Top infectious disease researchers have updated guidelines to reduce the spread of resistant staph infections in hospital settings. The recommendations released June 29 emphasize basic hand hygiene, careful oversight of antibiotic prescriptions and the use of contact precautions such as gowns and gloves for patients with MRSA, depending on local MRSA control needs.
The report, a collaboration of five medical associations, includes guidelines for health care providers who do not choose to adopt contact exposure practices.
The recommendations come after the rate of MRSA infections jumped during the COVID-19 pandemic, reversing years of steadily declining rates.
Methicillin-resistant Staphylococcus aureus is a type of staph bacteria that is resistant to many antibiotics used to treat ordinary staph infections. It is most frequently found in health care settings, particularly after procedures such as surgery or the use of central vein catheters. It is spread by hand, person-to-person, or by contact with a contaminated surface, and it can be deadly.
“Basic infection control strategies such as hand hygiene remain essential for MRSA prevention,” said Kyle Popovich, MD, lead author of Strategies to Prevent MRSA Transmission and Infection in Acute Care Hospitals, published in Infection Control & Hospital Epidemiology. “Hand hygiene — something your mother would stress — is simple and cost-effective but often overlooked by busy health care workers. So, there is the need to continue to stress this 'routine' intervention.”

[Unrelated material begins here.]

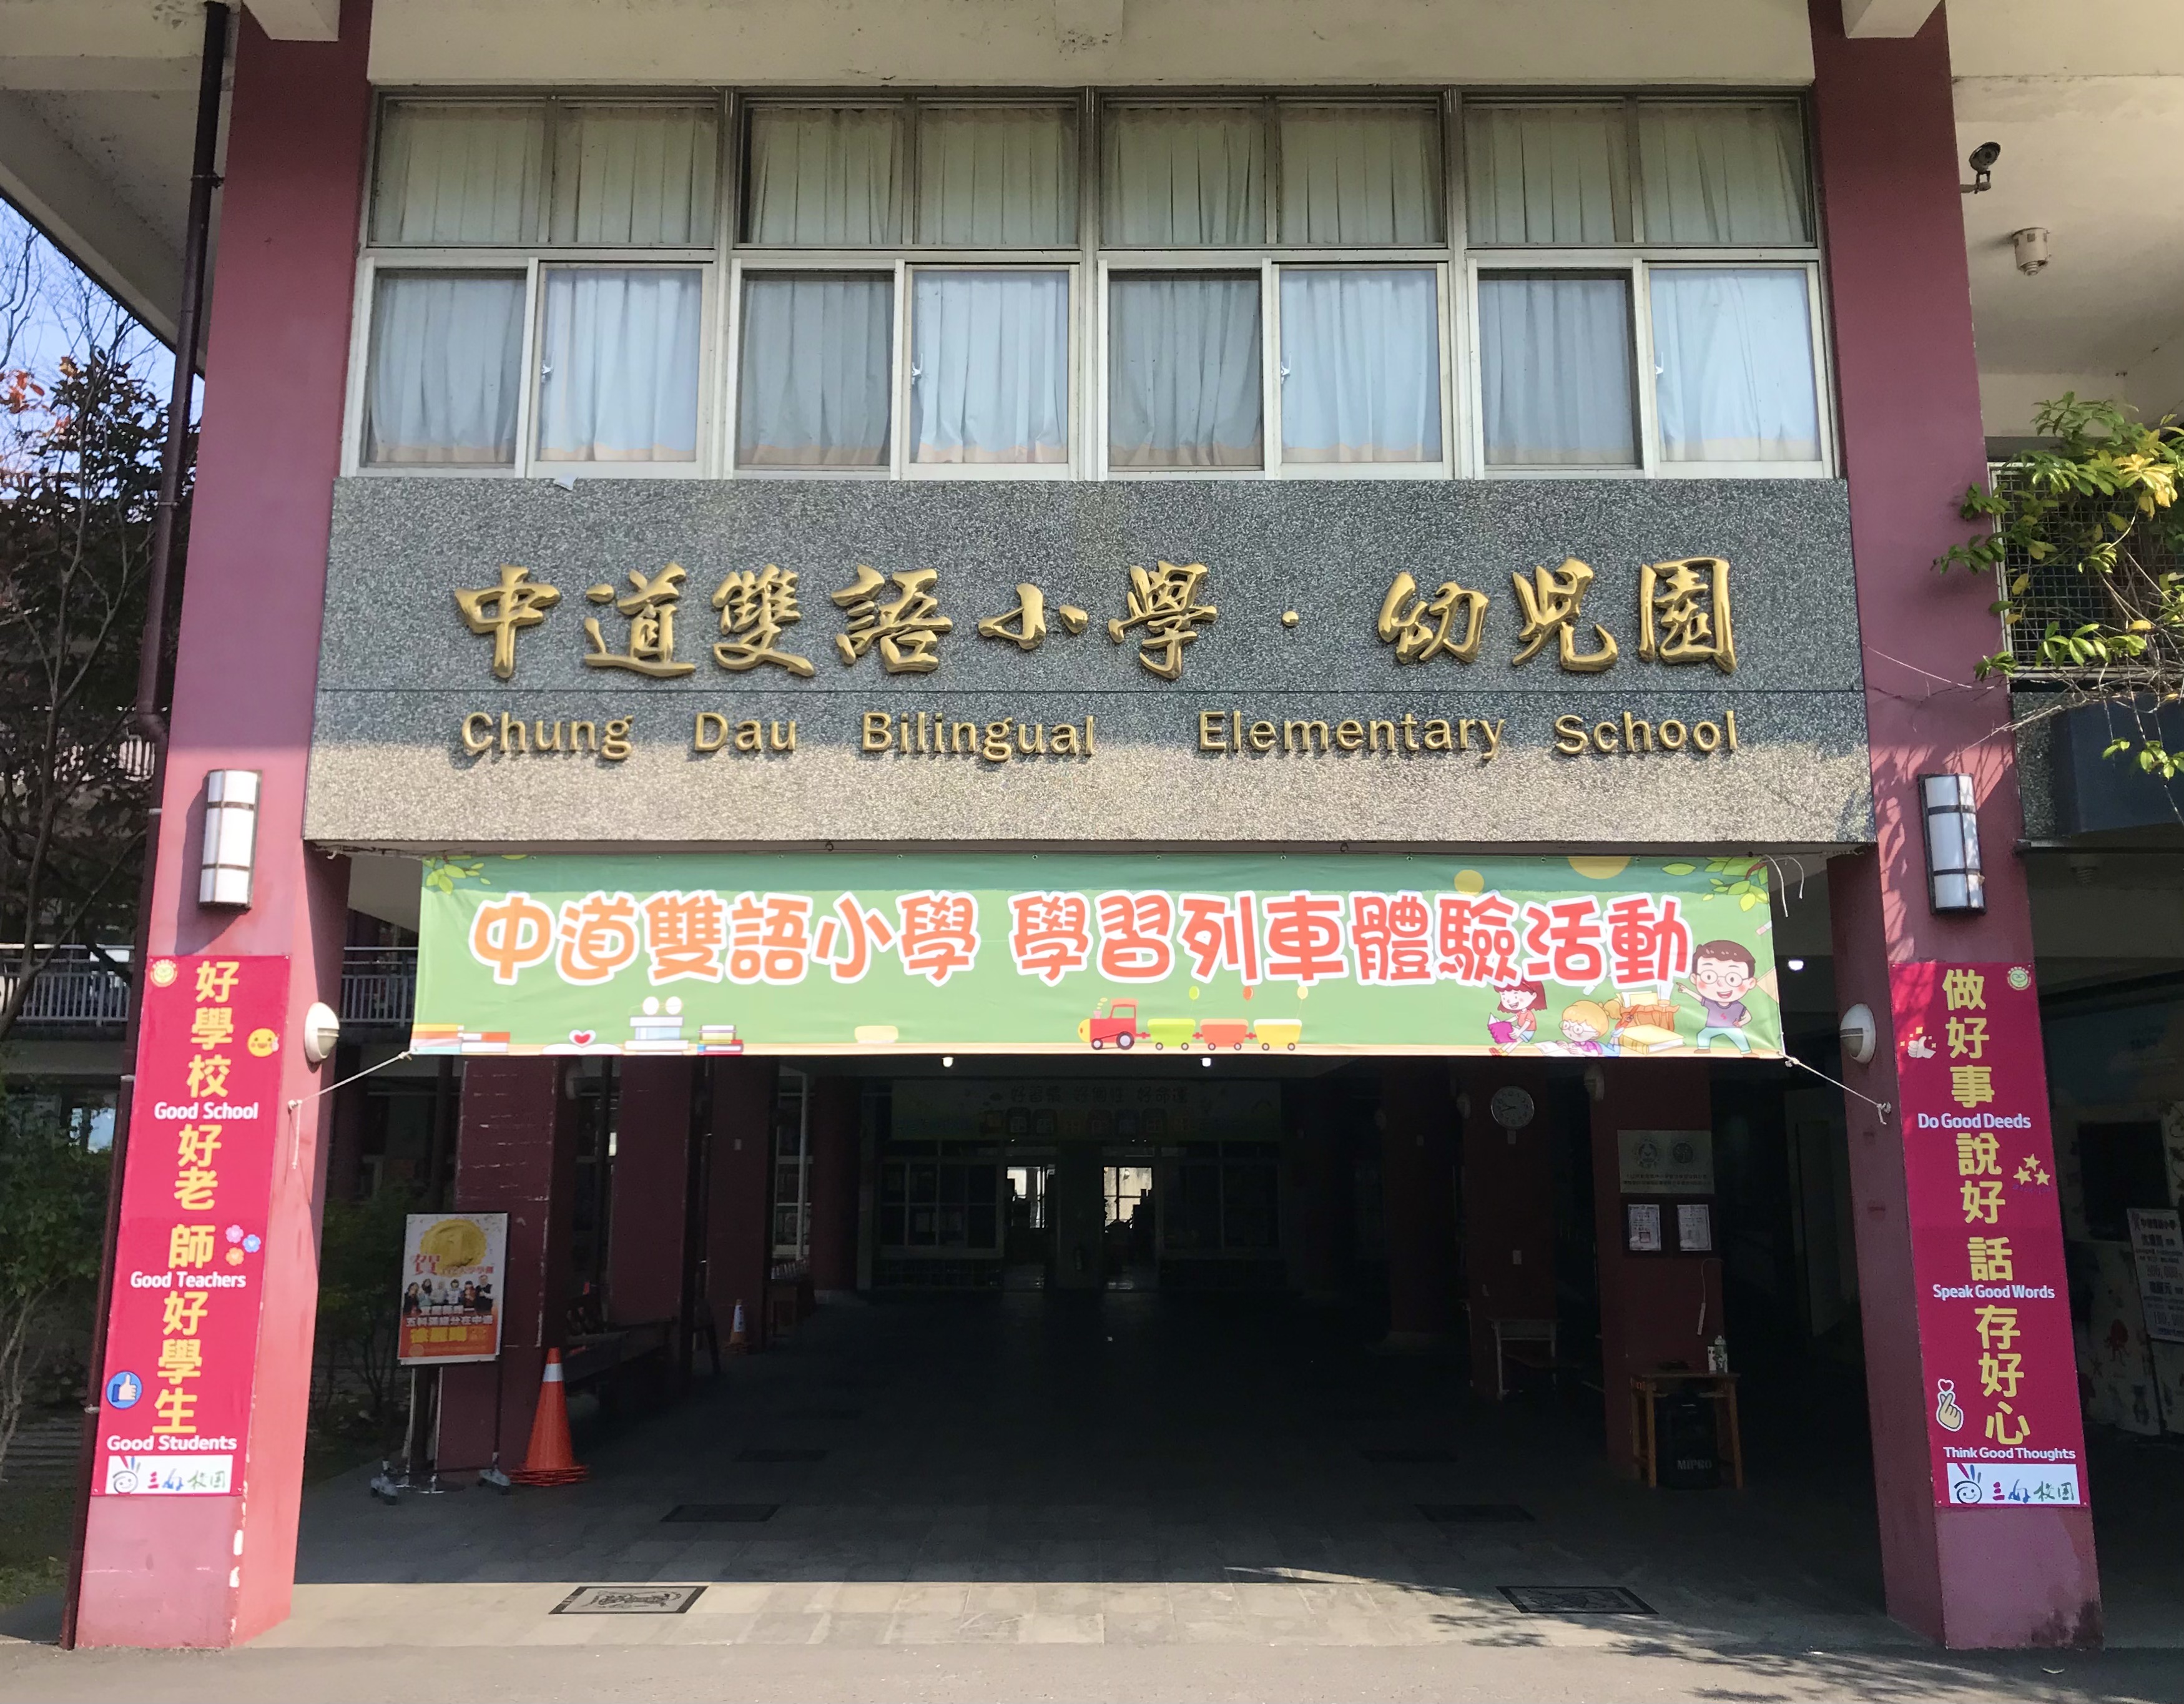 Teaching English and Living in Taiwan, FULL-Time Position for APRC 台灣永久居留證 Holder or State-Licensed Teacher 所在政府頒發的教學許可證 in BEAUTIFUL YILAN!  Minutes from the Ocean! image

Reducing unnecessary antibiotic use
At the same time, the authors added a new strategy to the list of essential practices: careful oversight of how antibiotics are prescribed and used. In the previous recommendations, published in 2014, such antimicrobial stewardship programs were listed as an additional but not essential practice. Reducing unnecessary use of antibiotics helps to stem the growth of resistant germs and may help decrease MRSA and other infections associated with antibiotic use, such as C. difficile infection.
“With these proven strategies, we can reverse the recent increase in MRSA rates in acute-care settings and back on track to achieving lower rates each year,” Popovich added.

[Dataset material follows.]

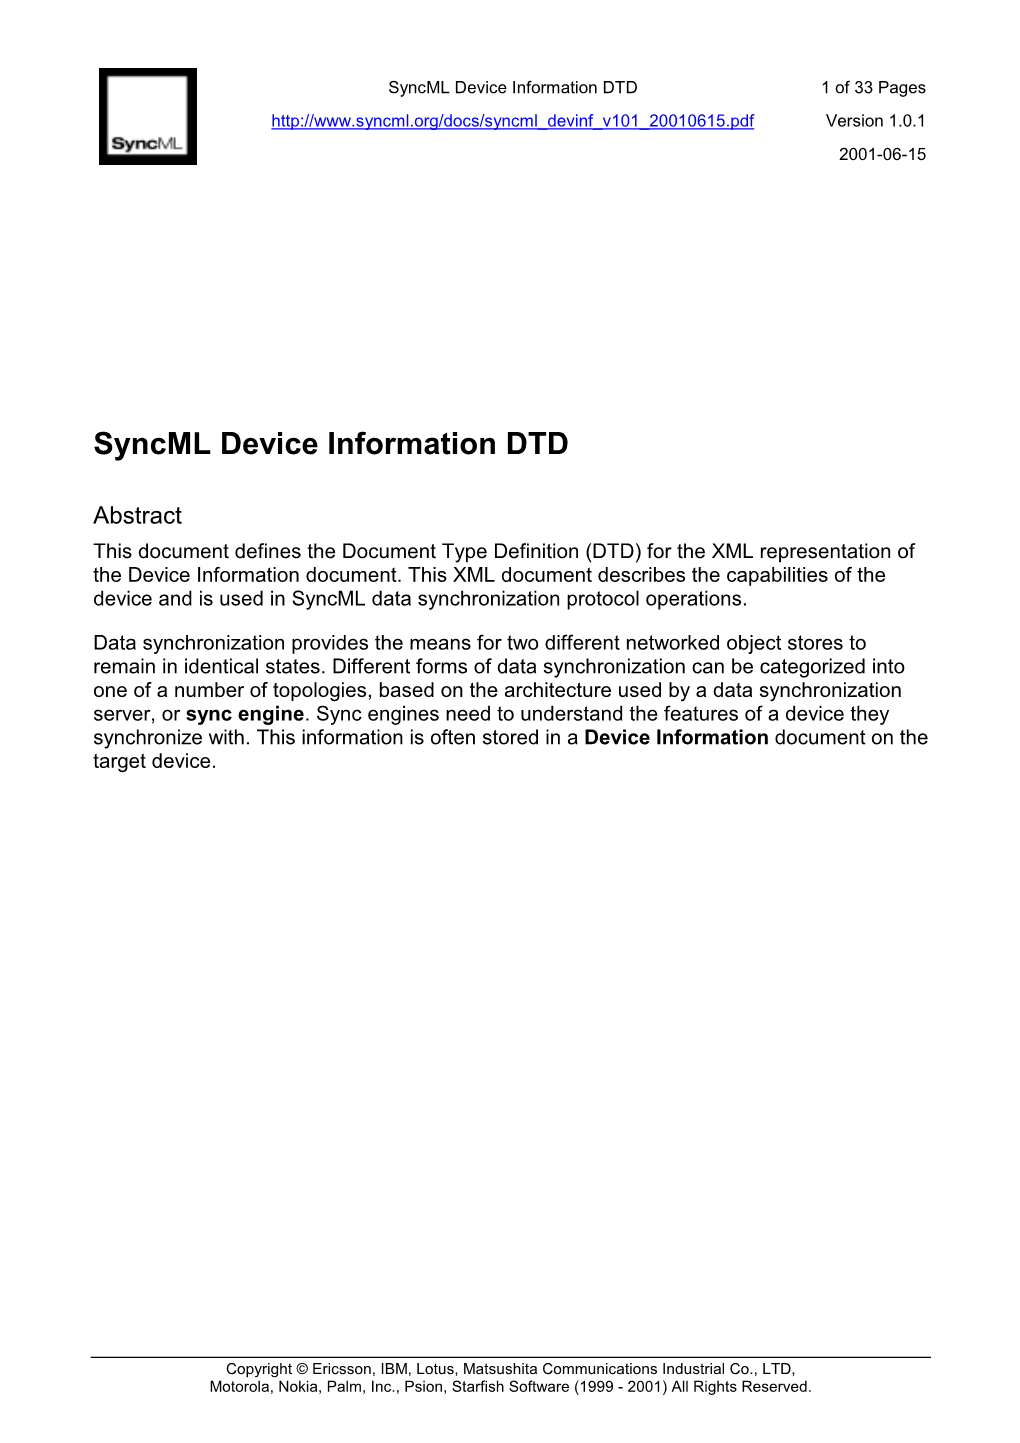 Syncml Device Information DTD 1 of 33 Pages Version 1.0.1

Contact precautions, such as wearing a gown and gloves when caring for patients with MRSA, remain on the short list of essential strategies, even as some hospitals have chosen to move away from the practice. So for hospitals that have discontinued or are considering discontinuing contact precautions for patients with MRSA, the authors included guidance on how to assess the risks, monitor outcomes when contact precautions are changed, and identify people and situations in which continued use of contact precautions should be considered.

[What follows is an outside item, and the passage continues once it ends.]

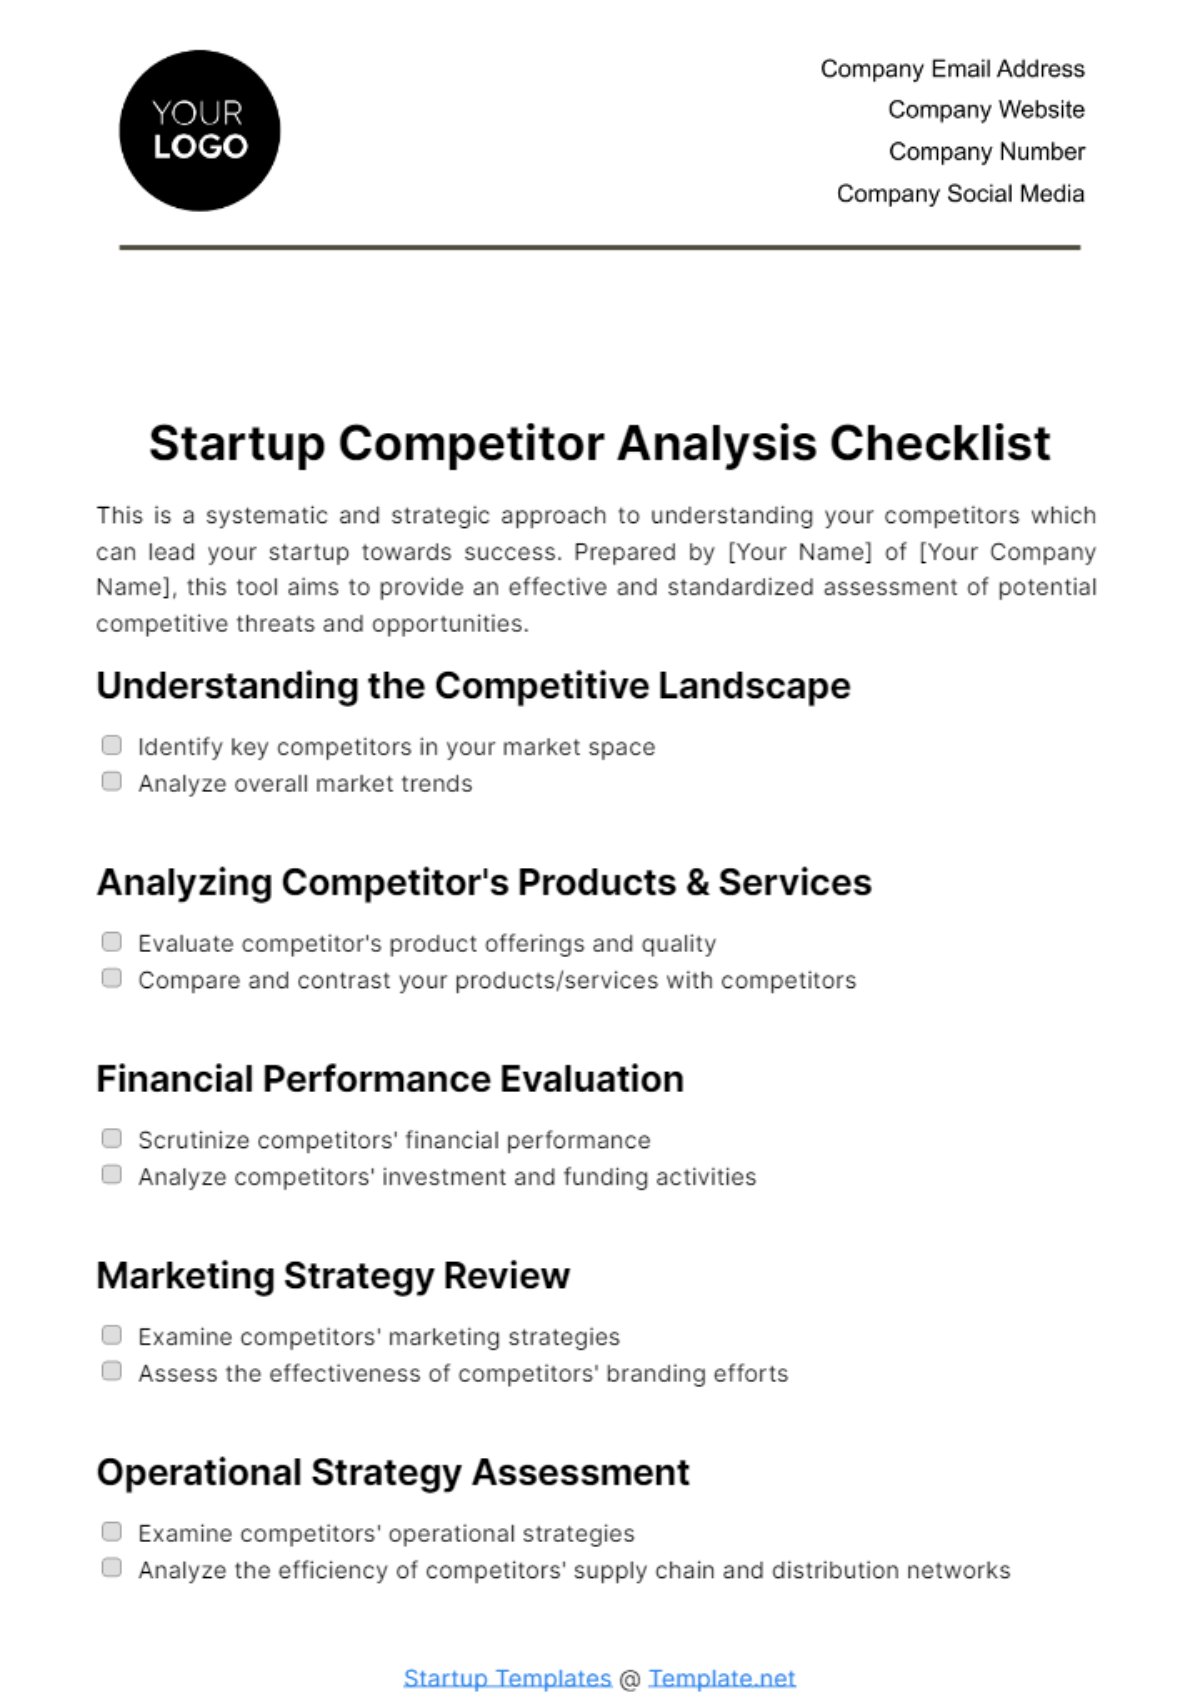 Startup Competitor Analysis Checklist Template

Contact precaution options
Use of contact precautions has been controversial in the view of some infection control experts, considering the dropping MRSA rates before the pandemic. With this guidance, hospitals have the option of continuing or, when appropriate, discontinuing contact precautions.
“We provided opt-out strategies, but also outlined other steps to take: Do a risk assessment. How high are MRSA rates? Is there a high rate of hand hygiene compliance?” Popovich said.
The report was created by the Society for Healthcare Epidemiology in collaboration with the Infectious Diseases Society of America, the Association for Professionals in Infection Control and Epidemiology, the American Hospital Association and The Joint Commission.
Popovich has studied MRSA for nearly 20 years, during which time she has watched MRSA infections evolve from being present almost exclusively in acute-care settings to appearing in community settings, including correctional facilities. At RUSH, Popovich led a CDC-funded study using genome sequencing to examine health care worker contamination with antibiotic-resistant organisms and also worked with Cook County Health to research the genomic epidemiology and options for control of MRSA entering a large jail setting.